Étiquette : épidémie

Chronique de pandémie

Ehpad, un masque abandonné dans le jardin

Ce matin, température, tension, boire un verre d’eau, regarder par la fenêtre, aller chercher le journal dans la boite, se laver les mains, le porteur peut être contaminé alors les DNA nous rassure en disant que tout est sous contrôle. Bon alors je vais aller me relaver les mains après avoir lu le journal. La parano totale!

Ce matin on va tirer à pile ou face, ma femme et moi, pour savoir lequel ira chercher du Ronron pour le chat…

J’ai trouvé une occupation picturale provisoire. Je peins des paysages issus de mes mutations professionnelles dans le Grand Est. De quoi rappeler des pans de vie.

On a oublié le fondamental

De petites choses, des indices glanés au cours de nos courtes sorties autorisées dans notre enceinte de confinement K5 en disent parfois plus long sur notre impréparation à affronter la crise pandémique que tous les discours distillés dans la presse. Comme ce masque qui traine là dans le jardin de l’Ehpad (image ci-dessus), abandonné par un soignant venu probablement fumer une cigarette hors des locaux.

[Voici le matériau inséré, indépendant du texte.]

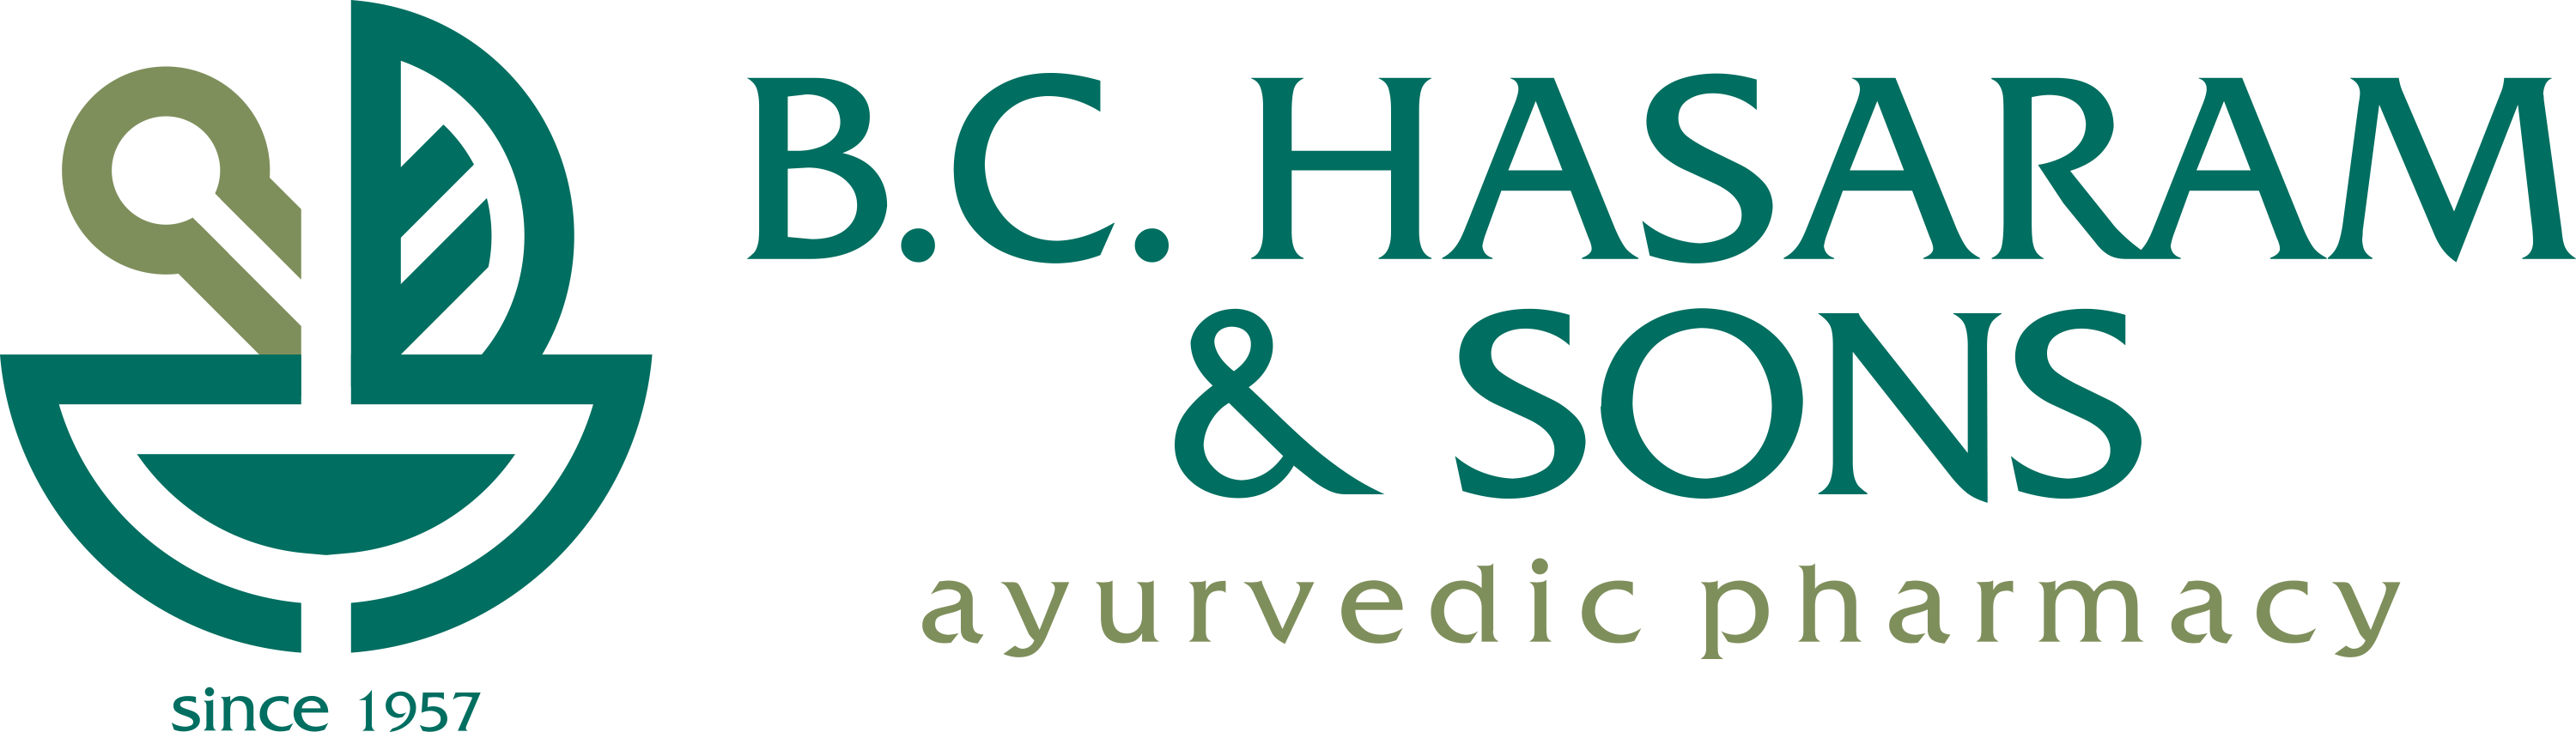 B.C. HASARAM logo

Car les soignants sont de grands fumeurs. Ils s’assemblent régulièrement le long de leurs locaux par une porte de service discrète. Ils n’ont rien appris de fondamental, semble t-il, avant d’être investis de missions sanitaires. Ni que fumer tue, ni que les vaccins évitent qu’ils contaminent leurs patients!

Je ne leur jette pas la pierre. Notre système de santé est à l’image de nos comportements, de notre manque de rigueur. Ne soyons pas étonnés du désastre qui nous frappe face à l’épidémie. Et les soignants, comme les caissières de supermarchés sont les petits soldats d’un mondialisme libéral dont le dogme est de rogner partout. Alors voila le résultat, on a transféré toutes nos fabrications en Chine et on manque de tout. Sauf en Allemagne où le capitalisme rhénan a gardé ses vieux réflexes patrimoniaux: ils produisent chez eux, respirateurs, masques, gels, médicaments et tout ce qui est utile à leur survie.

Les procédures existent mais je doute qu’elles soient toutes respectées et correctement encadrées.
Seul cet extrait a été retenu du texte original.